The primary goal of the study was to assess the relationship of WBC recovery at 1, 2, and 3 months after HCT to overall survival (OS) and progression-free survival (PFS). To rule out the direct influence of relapse on the WBC, a landmark analysis was performed at 1,2,3 months post HCT excluding relapse or death prior to each time point.
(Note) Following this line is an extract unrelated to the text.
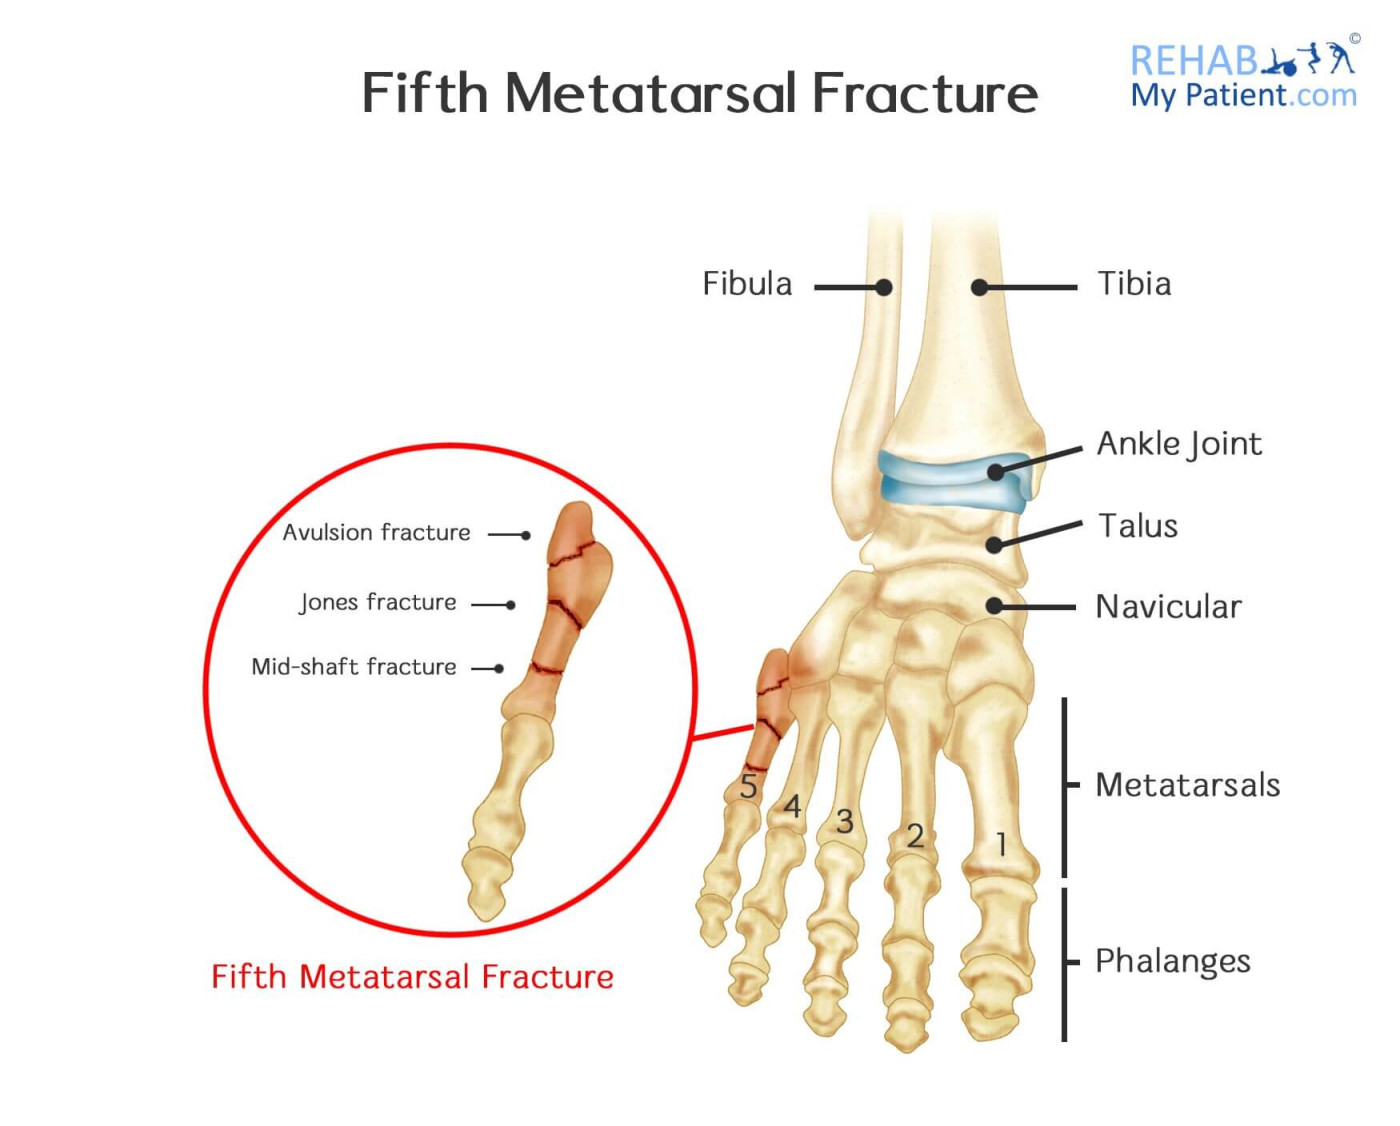 5th metatarsal fracture healing time
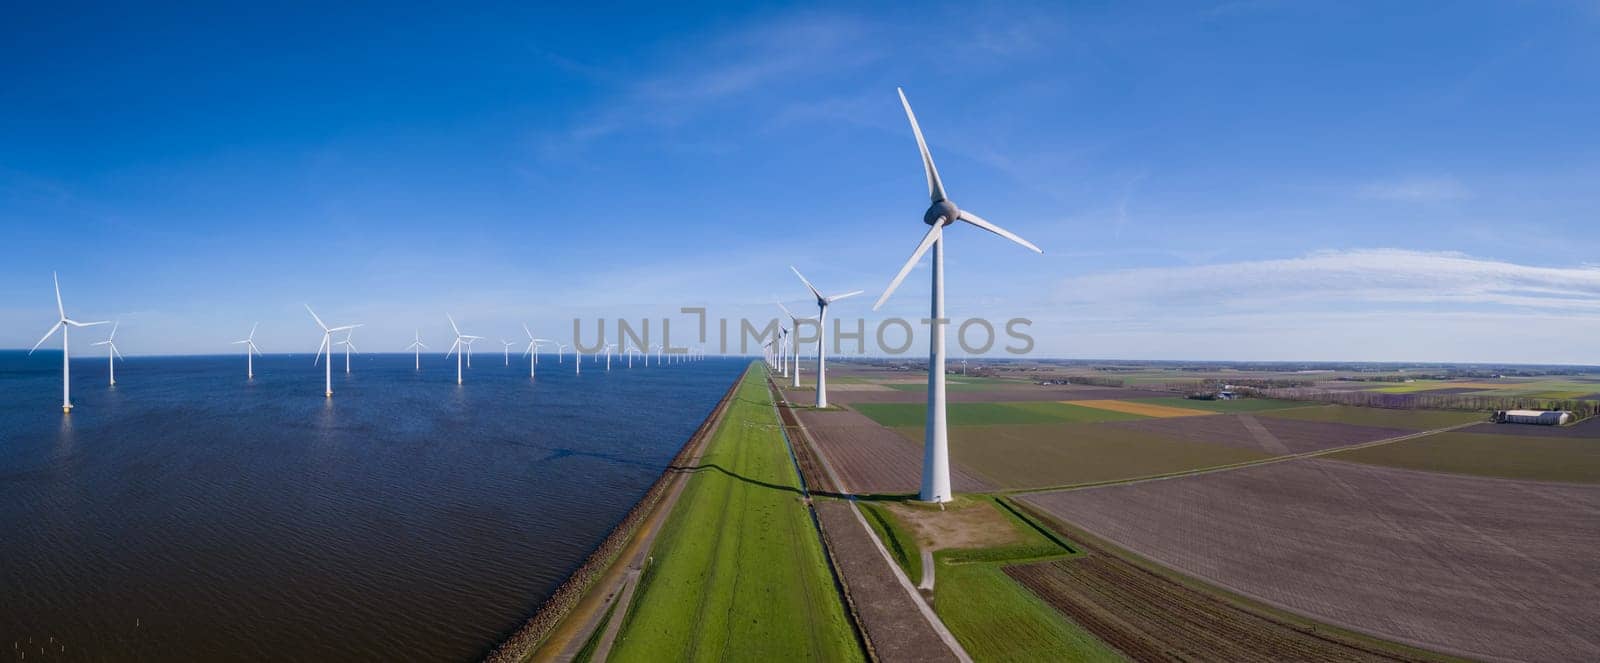 A stunning view of a row of wind turbines gracefully turning along the horizon of a vast body of water in Flevoland, Netherlands during the vibrant season of Spring.

In fact, throughout the analysis, all WBC values that were measured after disease relapse within 3 months of HCT were censored at each time point. OS and PFS were previously defined [14]. Log-rank test was used for comparisons of Kaplan-Meier curves. Cumulative incidences for non-relapse death and relapse with or without death were estimated reflecting time to relapse and time to non-relapse death respectively as competing risks. Gray test [15] was used for comparison of cumulative incidence curves. Multivariable proportional hazards models stratified by conditioning intensity were constructed to examine the effect of WBC after adjusting for other potential prognostic factors that are detailed in Table 1 and occurrence of grade II-IV acute GVHD and grade 3 or higher infection within 100 days of HCT. The occurrence of grade II-IV and grade ≥3 infection were included as time dependent variables in multivariable analysis. The proportional hazards assumption for each variable was tested and interaction terms were examined. The linearity assumption for continuous variables was examined using restricted cubic spline estimates of the relationship between the continuous variable and log relative hazard [16] and the cutoff points of these variables were based on the change of the log relative hazards. In particular, WBC was categorized as 0-<2×109 cells/L, 2-<4×109 cells/L, and >10×109 cells/L and age is dichotomized as ≥40 vs. <40 for MAC and ≥60 vs. <60 in RIC patients. CD34 cells/kg was categorized as ≤4×106, 4-15 ×106, and >15 ×106 cells/kg. Risk factors for low or high WBC were examined using multivariable multinomial logistic regression analysis (i.e., low vs. normal, high vs. normal). All p-values are two-sided. A significance level of 0.025 was employed to take multiple comparisons (low vs. normal, high vs. normal WBC) into account. However, when exploring potential risk factors for low or high WBC, a significance level of 0.05 was employed. All calculations were done using SAS 9.3 (SAS Institute Inc, Cary, NC), and Rversion 2.13.2 (the CRAN project).
RESULTS
Patient Characteristics
The baseline characteristics of the 1109 patients are shown in Table 1. The median age was 51 years (range 18-74). The median follow up time among surviving patients was 5.1 years (range 1.1-9.6). Fifty-two percent of patients received reduced intensity conditioning (RIC) and 48% received myeloablative conditioning (MAC). Seventy-seven percent of patients were ECOG performance status 0 or 1 at baseline; 41% of patients underwent transplantation from HLA-matched related donors, while 51% were transplanted from HLA-matched unrelated donors, and 8.5% received HLA-mismatched transplantation; 94% of patients received stem cells from G-CSF mobilized peripheral blood. The distribution of disease risk index (DRI), which was created based on disease and disease status at transplantation [14], was 16% for low, 53% intermediate, 27% for high and 3.3% for very high risk.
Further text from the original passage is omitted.